Democratic Senator Evan Bayh of Indiana is shocked, shocked to find bitter partisanship in American national politics, and is now fed up with it. He apparently hadn’t seen much of it before. At least that’s what he’s saying now, as he announced his decision not to seek a third term in this fall’s elections.
But partisanship has always been there, it’s just that he’s accustomed to being on the delivering end. This is the Bayh whose Democrat party’s once-nominee for president, Al Gore, with whom Bayh had hoped to run as the VP candidate, shouted in a frenzy to a whipped-up audience that George Bush had “betrayed this country.” This is the same Senator Bayh who voted against George Bush’s two respected and distinguished supreme court nominees, Roberts and Alito, because they were too “extreme,” while Republicans a few years earlier almost unanimously voted to confirm President Clinton’s two ultra-liberal nominees, Breyer and Ginsburg, out of the tradition of bipartisan deference to the president’s choice. Bayh even voted against the confirmation of his former Senate colleague John Ashcroft as Attorney General. And writes Jay Nordlinger at National Review Online (link): “Bayh gave a speech at the ’08 Democratic National Convention that was obnoxious in its partisanship — even given that it was a convention speech.” This is the Senator Bayh, a media-proclaimed “fiscal conservative,” who voted for ObamaCare and the reckless, wasteful, and ultimately unsuccessful Democrat spending plan they called the “stimulus.”

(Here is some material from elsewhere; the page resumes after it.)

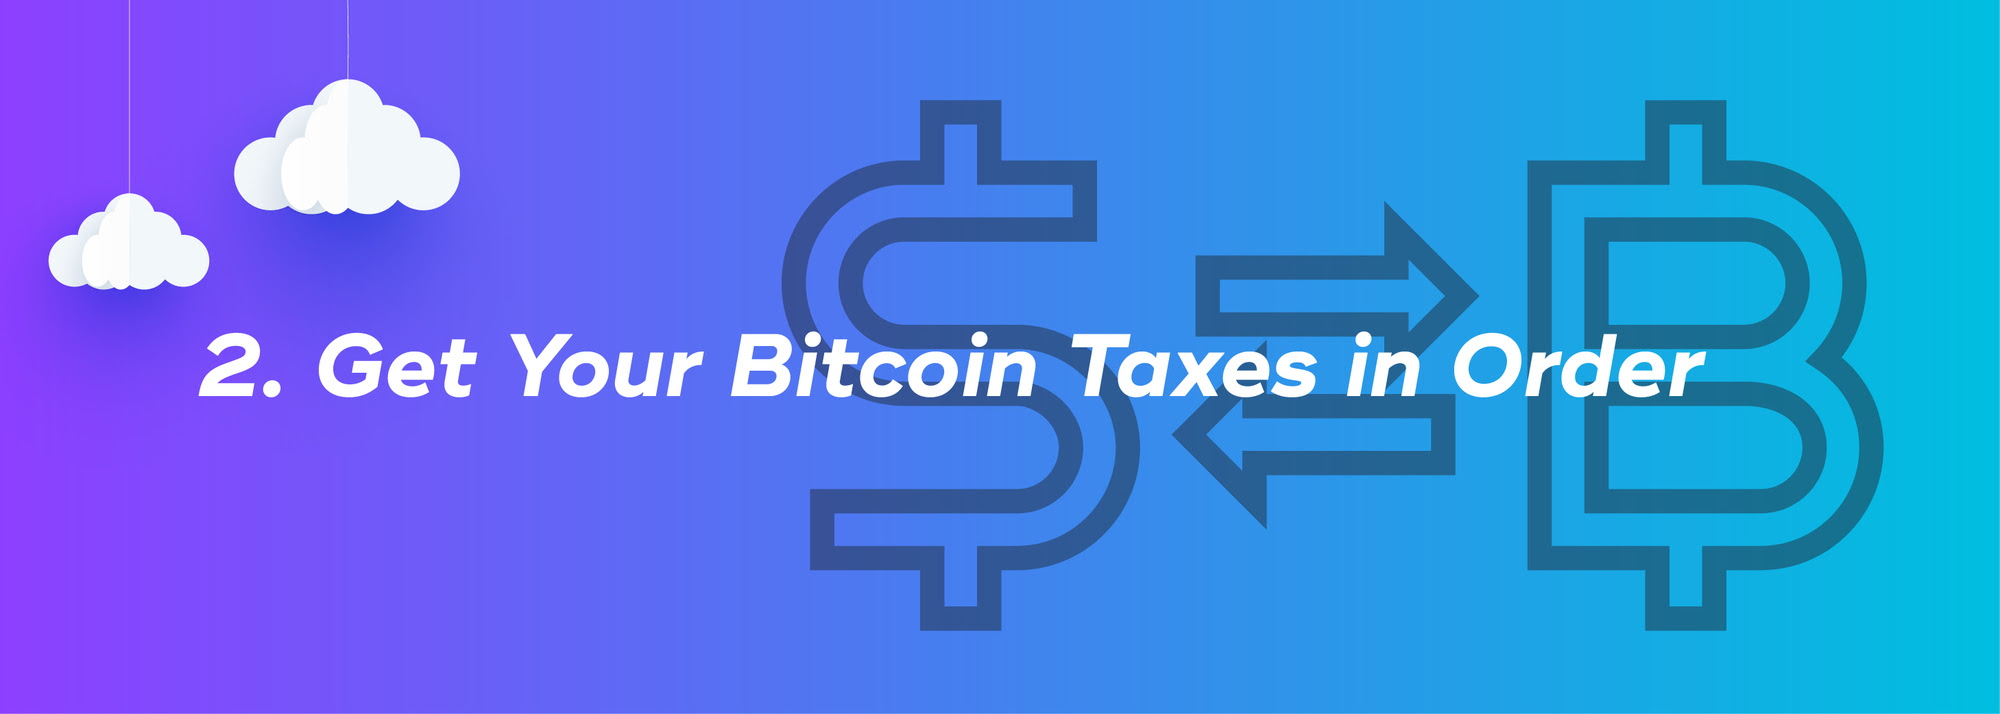 2. Get Your Bitcoin Taxes in Order

Evan Bayh is the poster child of the fake moderate, who talks a good, conservative game back home with the folks and then votes in a hyper-partisan liberal way in Washington, knowing that most back-home voters aren’t paying attention to specific votes and that the liberal media will cover for him, all the while raking in campaign contributions from liberal interest groups. Here’s the Chicago Tribune editorial board, today (link): “Bayh was too centrist — and not concerned enough about placating interest groups — to make him a comfortable fit in Washington.” Is the Tribune that clueless or that deceitful? Evidence offered by the Tribune of Bayh’s “moderation” in the Senate: zip. The reality: it’s not that Bayh is too “centrist” for Indiana voters, you at the Tribune editorial board, it’s that he’s too partisanly liberal, and enough voters, in Indiana and elsewhere, have woken up to that fact.
But the radicalism of Obama, Reid, and Pelosi has unmasked these so-called Democrat “moderates” and has exposed them to the suddenly alert, attentive, and wised-up public (link). So now Bayh’s in trouble in the polls, at risk of losing his seat later this year, and so has decided to quit and take his multi-million dollar campaign fund home with him. There’s nothing wrong with being partisan and liberal in American politics, but it’s hard to respect a man who says one thing when home but votes another way in Washington, who is one thing but pretends to be another.